Semantic search across indexed documents.

search(query="indemnification clause", top_k=10, file_types=["pdf"])

similar

Find chunks similar to a given text.

similar(chunk_text="The parties agree to...", top_k=5)

refresh

Re-index only files that have changed.

refresh(path="/contracts")

list

List all indexed documents.

list(path_filter="/contracts")

delete

Remove documents from the index.

delete(path="/contracts/old")
delete(all=true)  # Clear entire index

status

Get server status and statistics.

status()

How It Works

  1. Indexing: Documents are parsed, split into 4K token chunks with 500 token overlap

  2. Embedding: Each chunk is embedded using nomic-embed-text-v1.5 (768 dimensions)

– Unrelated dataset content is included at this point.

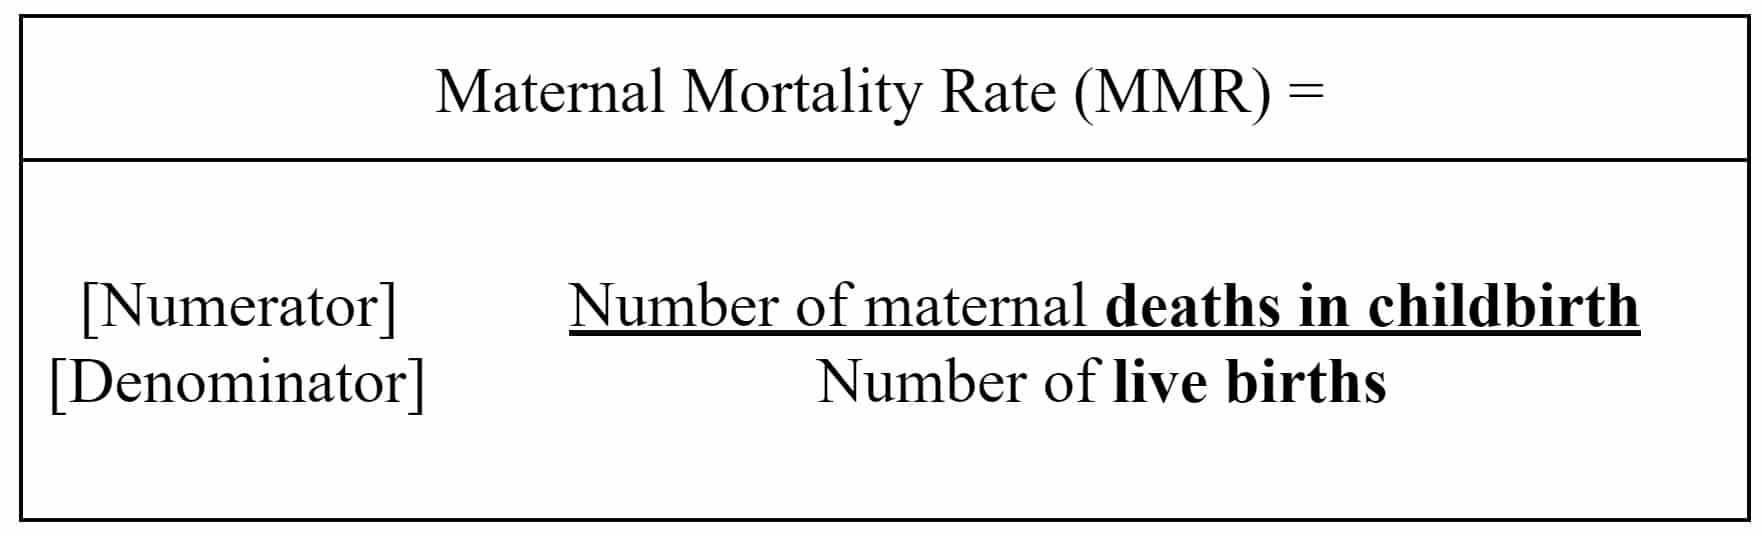 Math equation - Maternal Mortality Rate (MMR) equals Number of maternal deaths in childbirth divided by number of live births
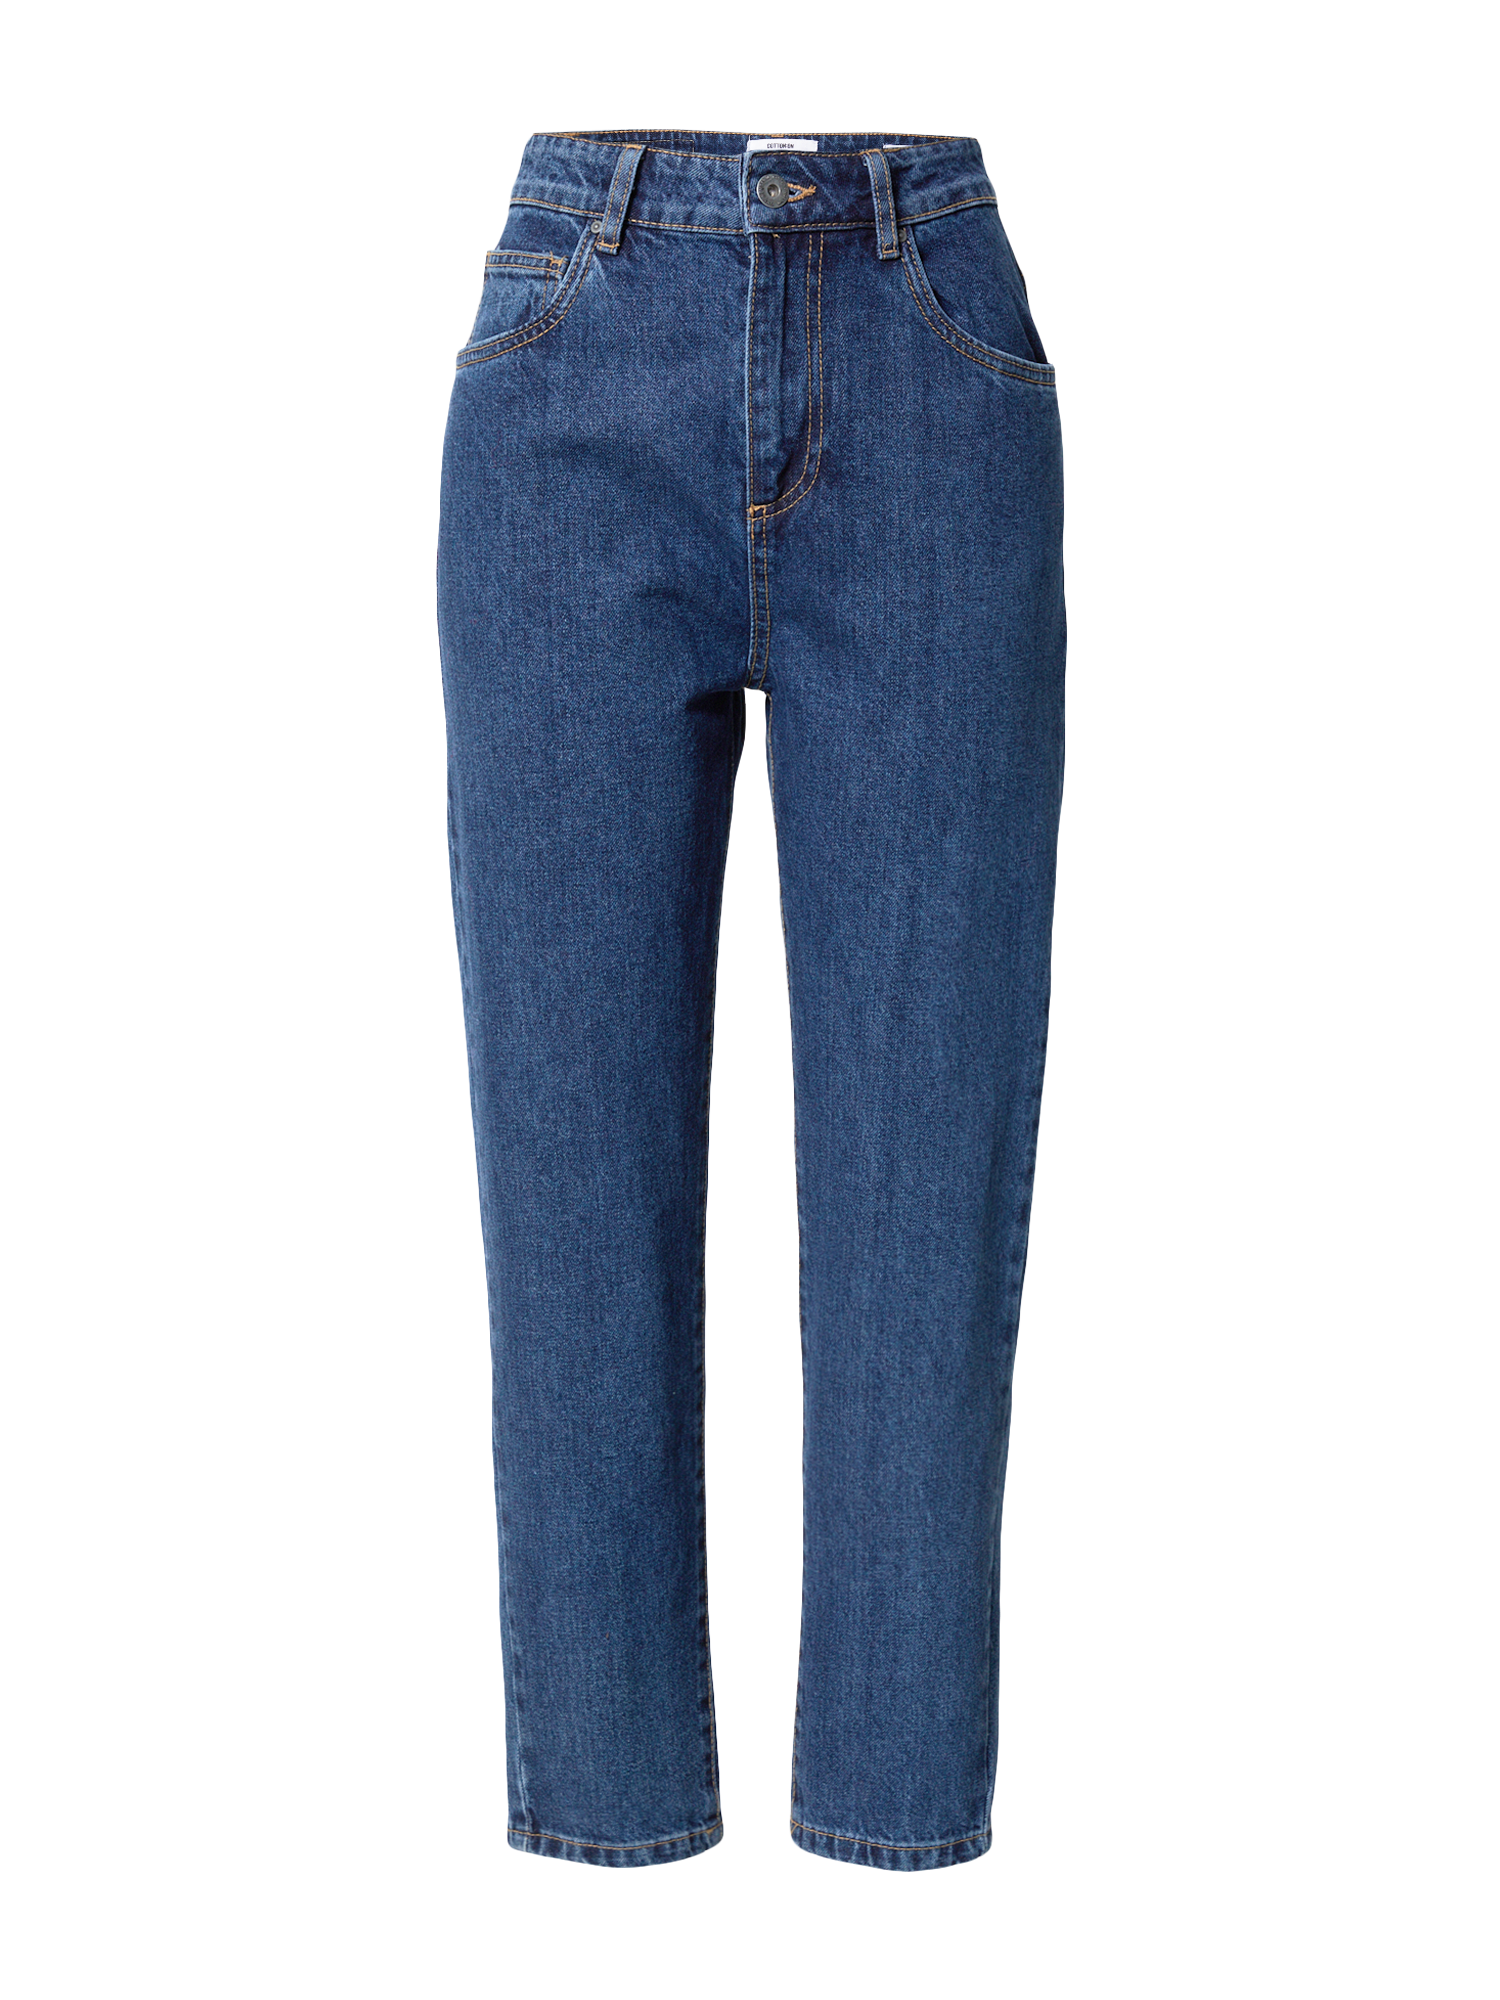 AaWso Taglie comode Cotton On Jeans in Blu

  3. Storage: Embeddings stored in SQLite with sqlite-vec for fast vector search

  4. Search: Query is embedded, compared against all chunks using cosine similarity

  5. Results: Top-K most similar chunks returned with full text and metadata

System Requirements

  • Python 3.10+

  • 4GB RAM (2GB for model + headroom)

  • ~1GB disk space (model + database)

License

MIT

-
security - not tested
F
license - not found
-
quality - not tested

Resources

Unclaimed servers have limited discoverability.

Looking for Admin?

If you are the server author, to access and configure the admin panel.

Latest Blog Posts

MCP directory API

We provide all the information about MCP servers via our MCP API.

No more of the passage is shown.